- WORK ITEM: What you should give back is a precise copy of the lines below from the one containing "Cost-effective moving options" through the one containing "Front Sprockets for Yamaha Applications", with no pictures.

- DATA RECORDS:
[Start of section]

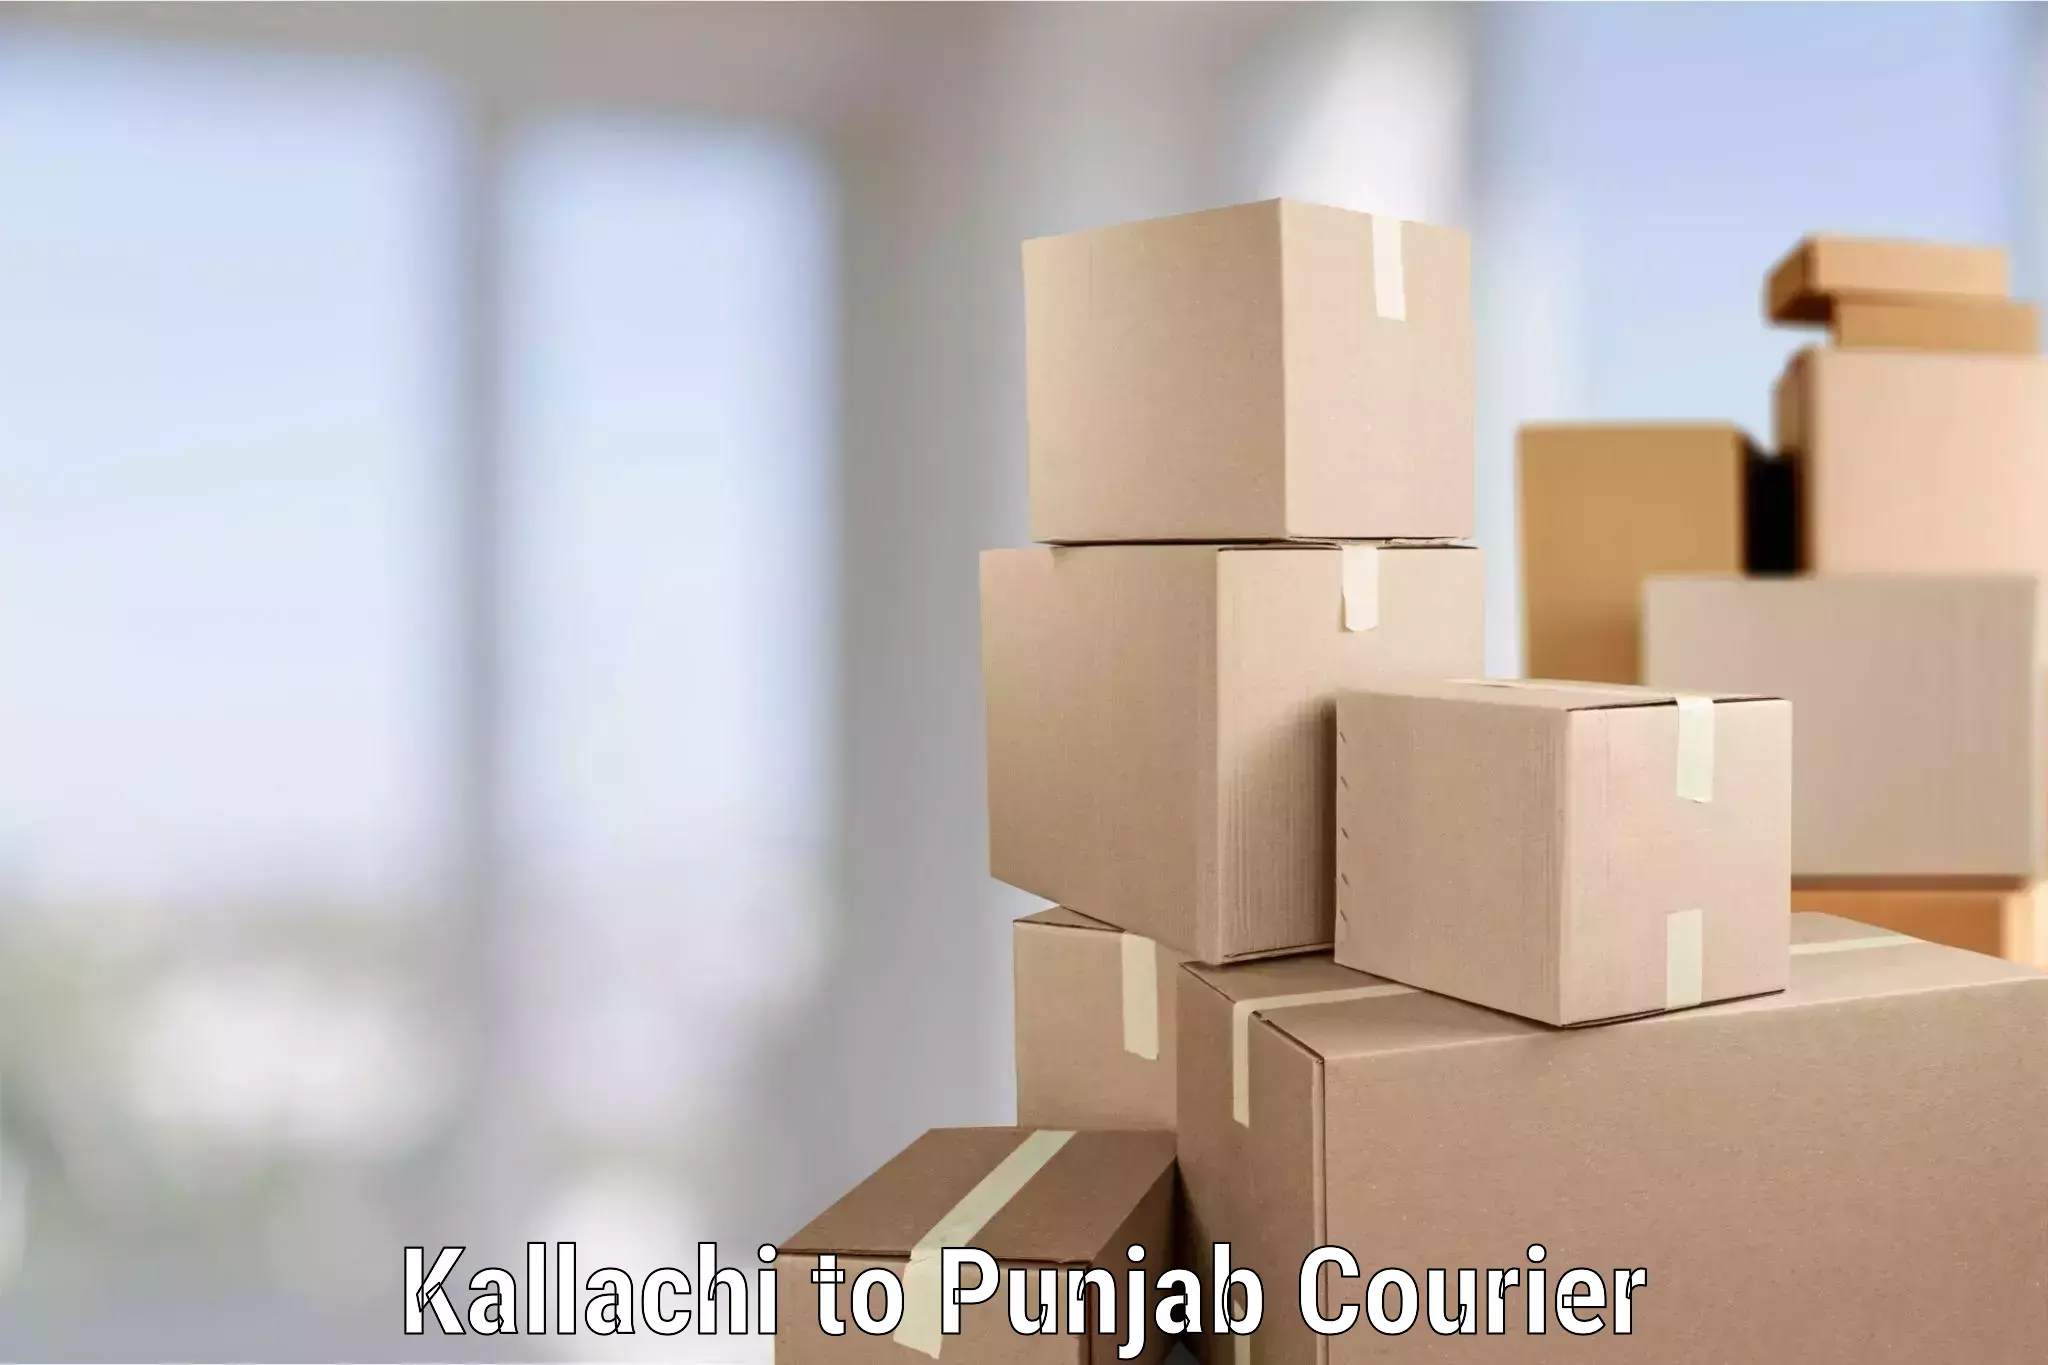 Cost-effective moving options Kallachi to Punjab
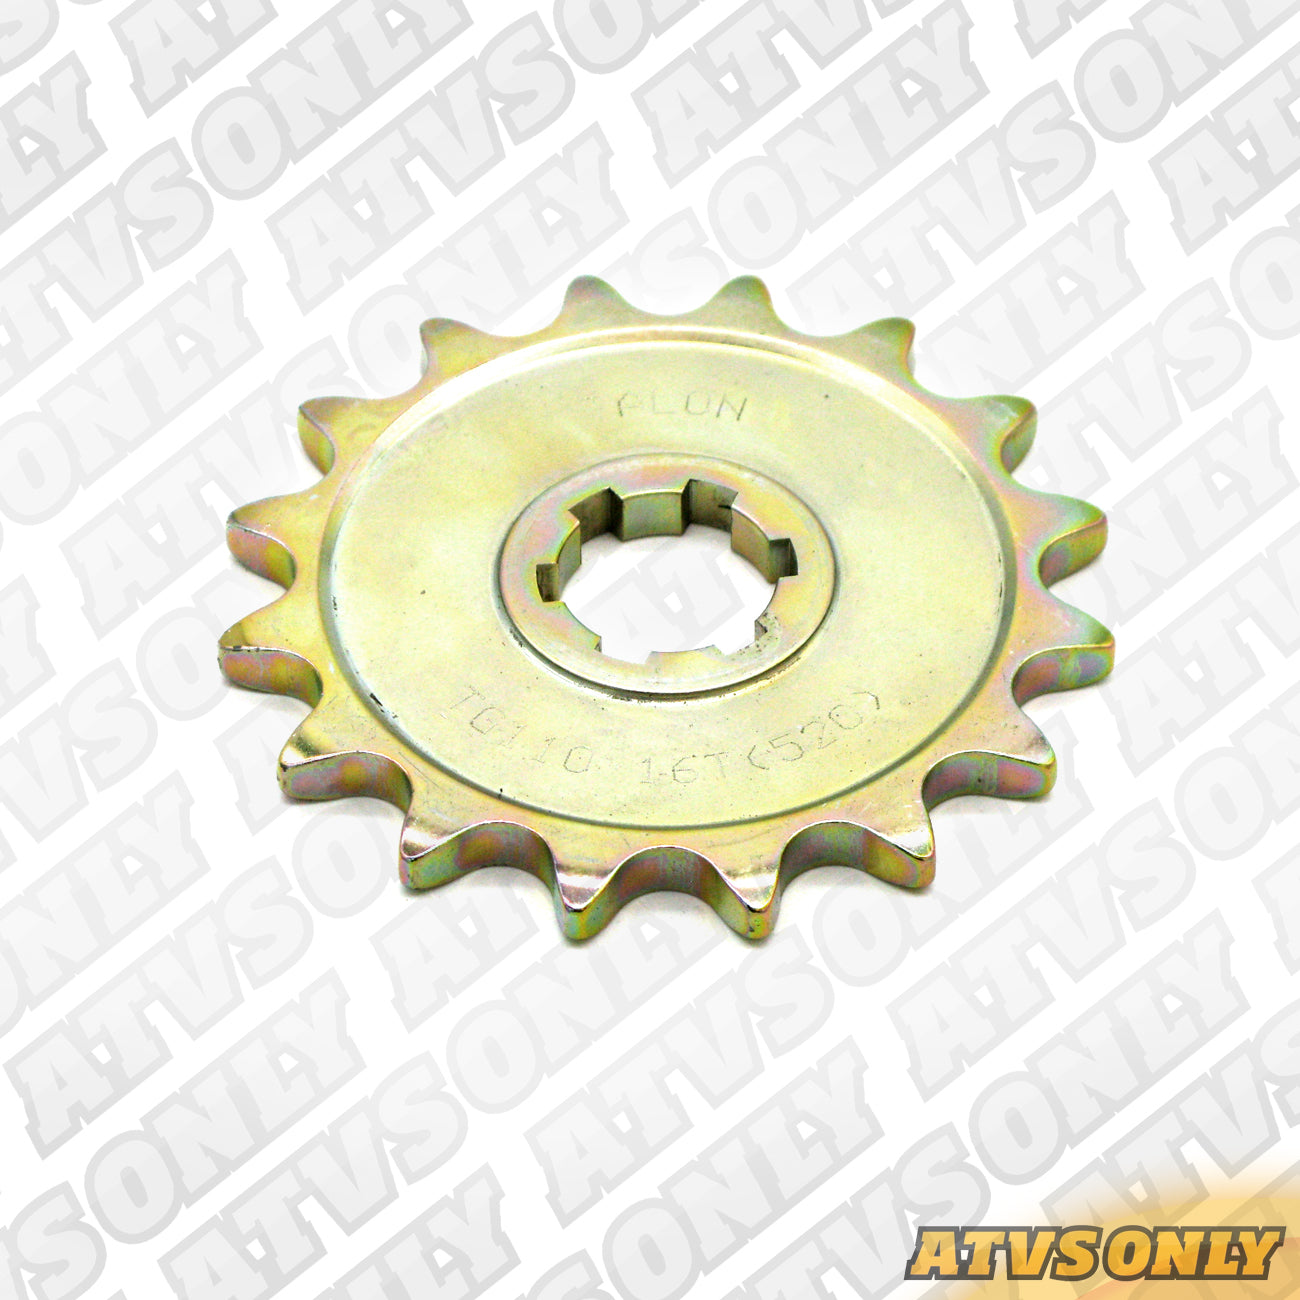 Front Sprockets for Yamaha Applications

[End of section]
[Start of section]

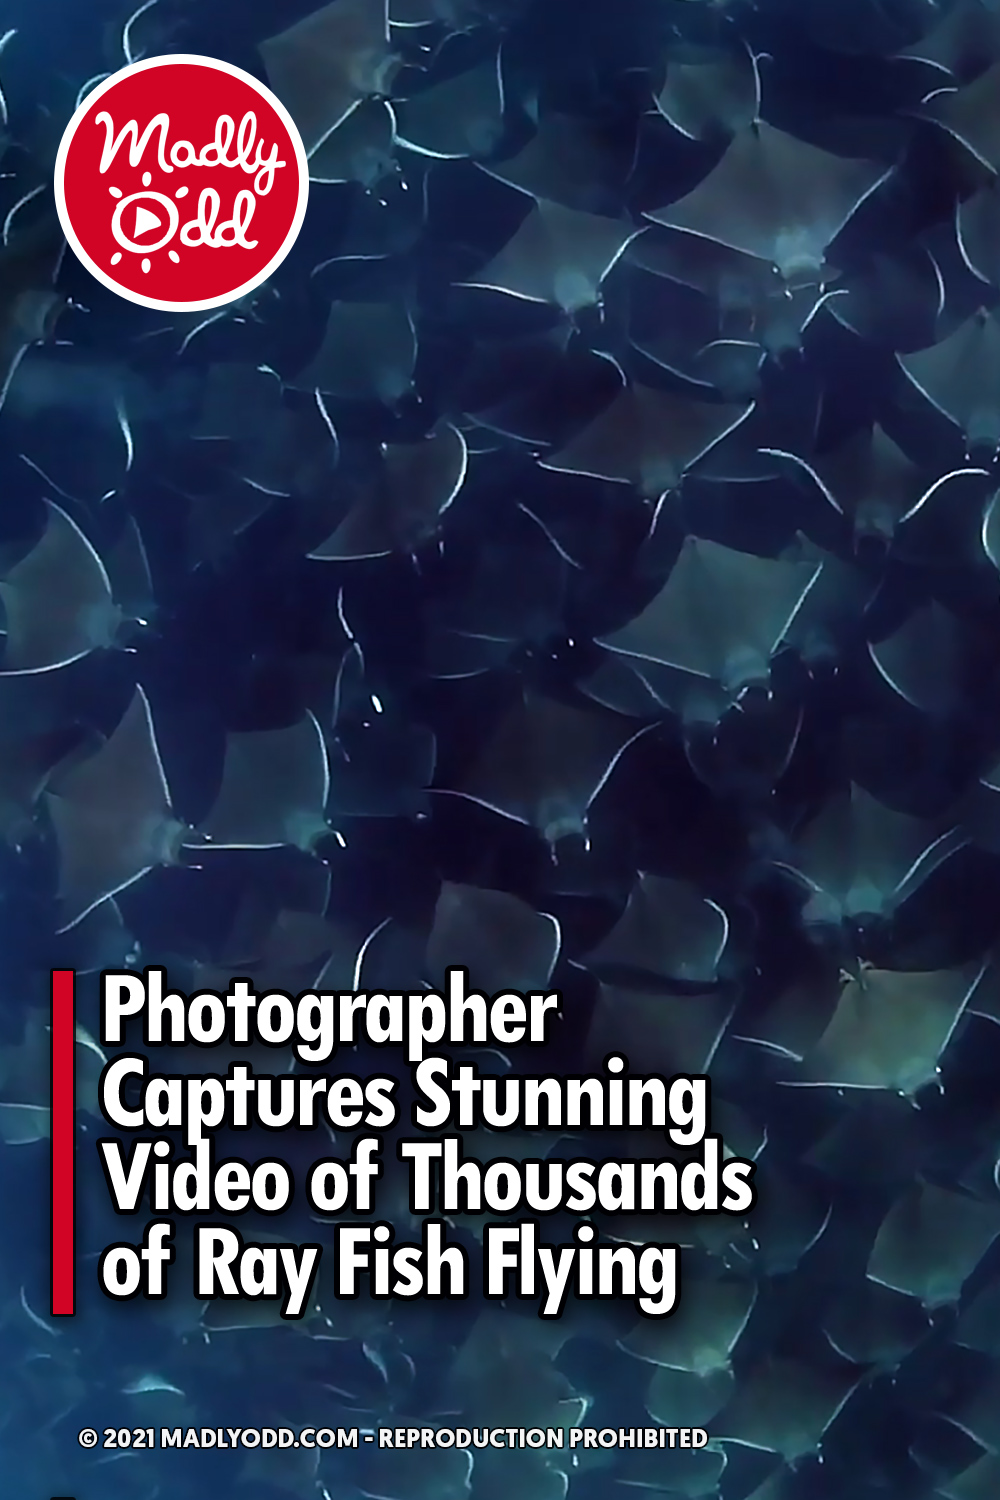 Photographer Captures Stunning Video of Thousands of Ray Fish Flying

[End of section]

- ANSWER AREA:
 Cost-effective moving options Kallachi to Punjab
 Front Sprockets for Yamaha Applications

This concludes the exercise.